Safe solar filters come in several varieties ranging from plastic glasses to a #14 welder’s glass for visual observation and snug-fitting optical filters that fit over the end of a telescope. Credit: Bob King
There are several ways to observe a partial eclipse safely, but they all start with this credo: Never look directly at the Sun. Dangerous ultraviolet and infrared light focused on your retinas will damage your vision for life. Nothing’s worth that risk. Happily, filters and indirect viewing methods are available. Eclipse glasses fitted with mylar or polymer lenses are a great choice. I’ve used them all but my favorite’s still the classic #14 welder’s glass because it slips in the pocket easily and takes a beating. Make sure it’s a #14, not a #13 or lower.
You can mount binoculars on a tripod, cover one lens with a lenscap and project the sun’s image safely onto a sheet of white cardboard. Credit: Bob King
Telescopes should be outfitted with an optical mylar or aluminized glass solar filter that fits snugly over the top end of the tube. A welder’s glass gives a green solar image, mylar a blue one and black polymer a pale orange. Filters work by only allowing a fraction of the Sun’s light to reach the eye. At the end of this article I’ve listed several sites that sell a variety of safe solar filters for naked eye and telescopic use.
Easy guide to building a pinhole projector for solar eclipse viewing
Indirect methods for safe viewing include projecting the Sun’s image through a small telescope or pair of binoculars onto a sheet of white paper or cardboard. You can also build a pinhole projector shown in the video above. A box and piece of aluminum foil are all you need.
Tiny gaps along the length of this palm frond created a series of solar crescents during the July 1991 eclipse. Credit: Bob King
If for some reason you aren’t able to get a solar filter, all is not lost. The tiny spaces between leaves on a tree act like pinhole projectors and will cast hundreds of images of the Sun on the ground below during the eclipse. To see the effect even better, bring along a white sheet or blanket and spread it out beneath the tree. You can even cross your hands over one another at a right angle to create a pattern of small “holes” that will reveal the changing shape of the Sun as the eclipse proceeds.

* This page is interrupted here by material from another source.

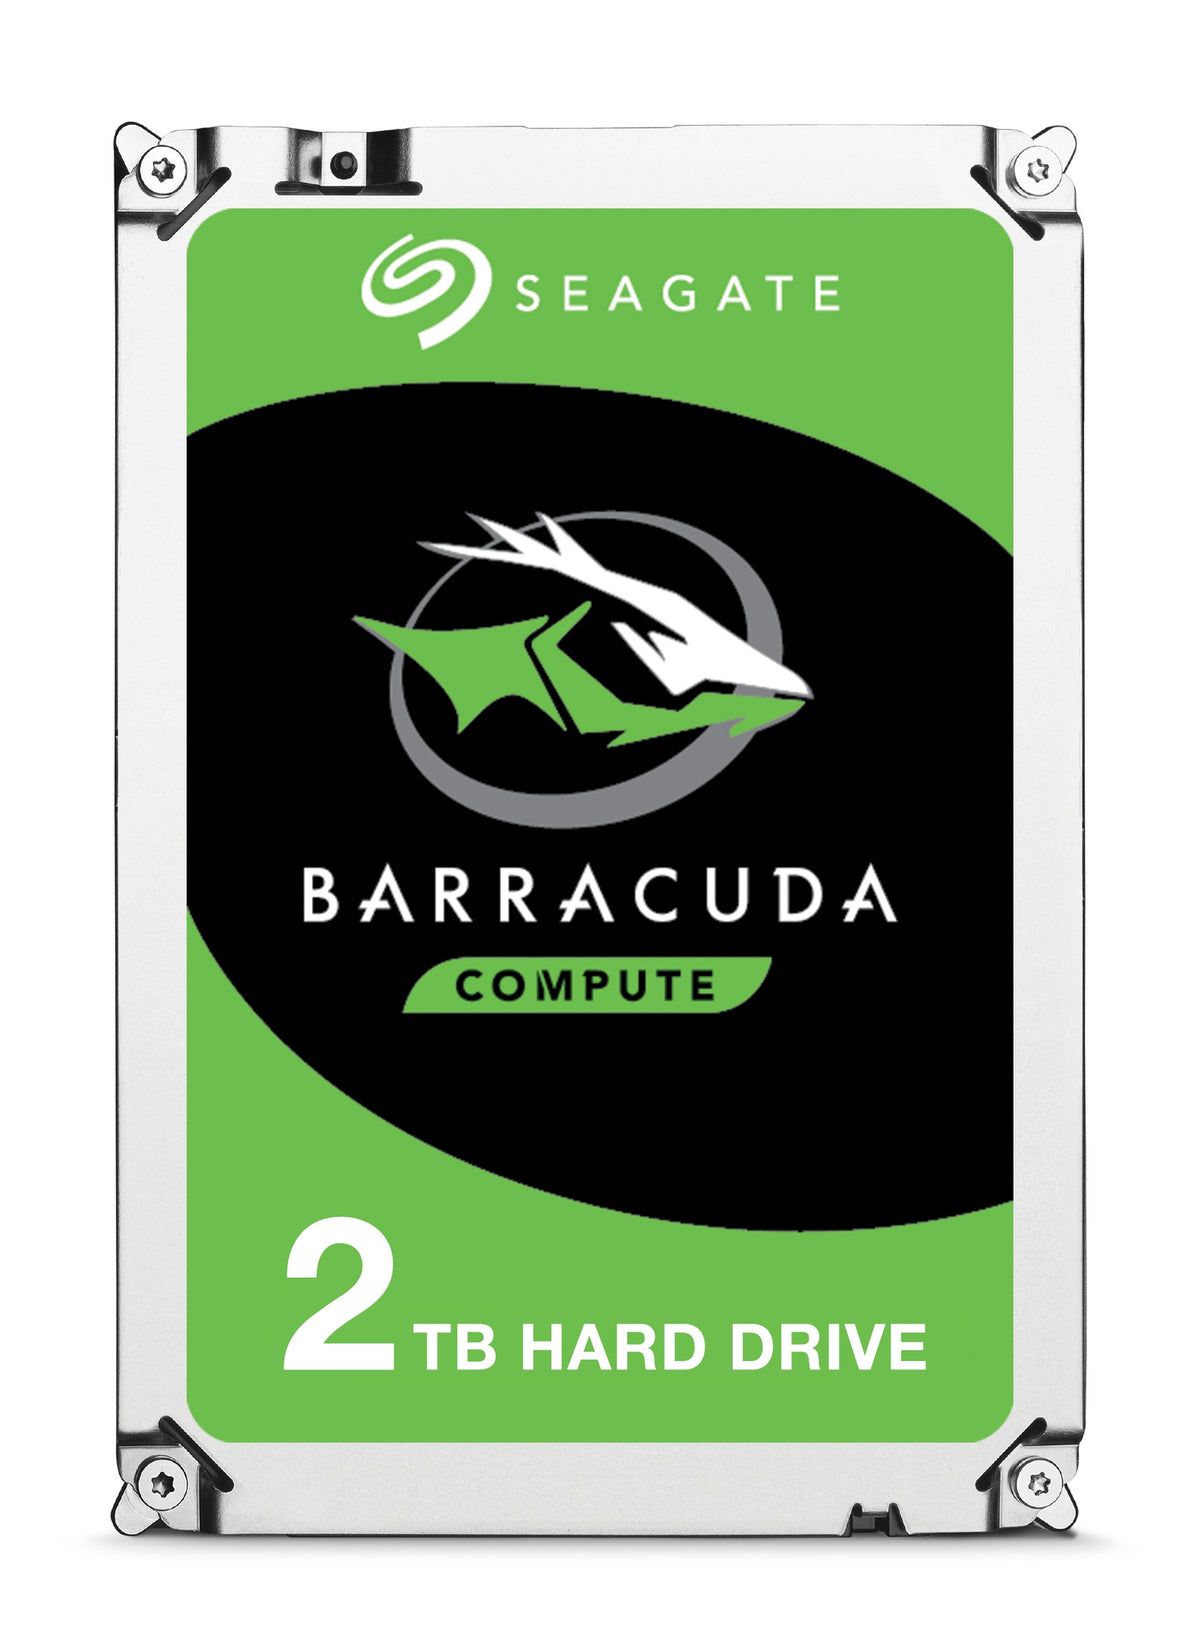 Seagate Barracuda  Internal Hard Drive ST2000DM008 internal hard drive 3.5" 2000 GB Serial ATA III

The white crescents show how much of the Sun will be visible from a variety of locations at maximum eclipse. The farther north you go, the deeper the eclipse. Credit: Jay Anderson
Now that you’re rockin’ to go, here are some other cool things to look for during the eclipse:
* Sunspots appear black when viewed through a filtered telescope, but they’re no match for the opaque-black Moon silhouetted against the Sun. Compare their unequal degrees of darkness. With a little luck, the giant sunspot region 2192 will provide a striking contrast with the moon plus add interest to the eclipse. This region only recently rotated onto the Sun’s front side and will be squarely in view on Thursday.
* The moon may look smooth and round to the eye, but its circumference is bumpy with crater rims and mountain peaks. Watch for these tiny teeth to bite into the solar disk as the eclipse progresses.
* From locations where half or more the Sun’s disk is covered, look around to see if you can tell the light has changed. Does it seem somehow “grayer” than normal? Is the blueness of the sky affected?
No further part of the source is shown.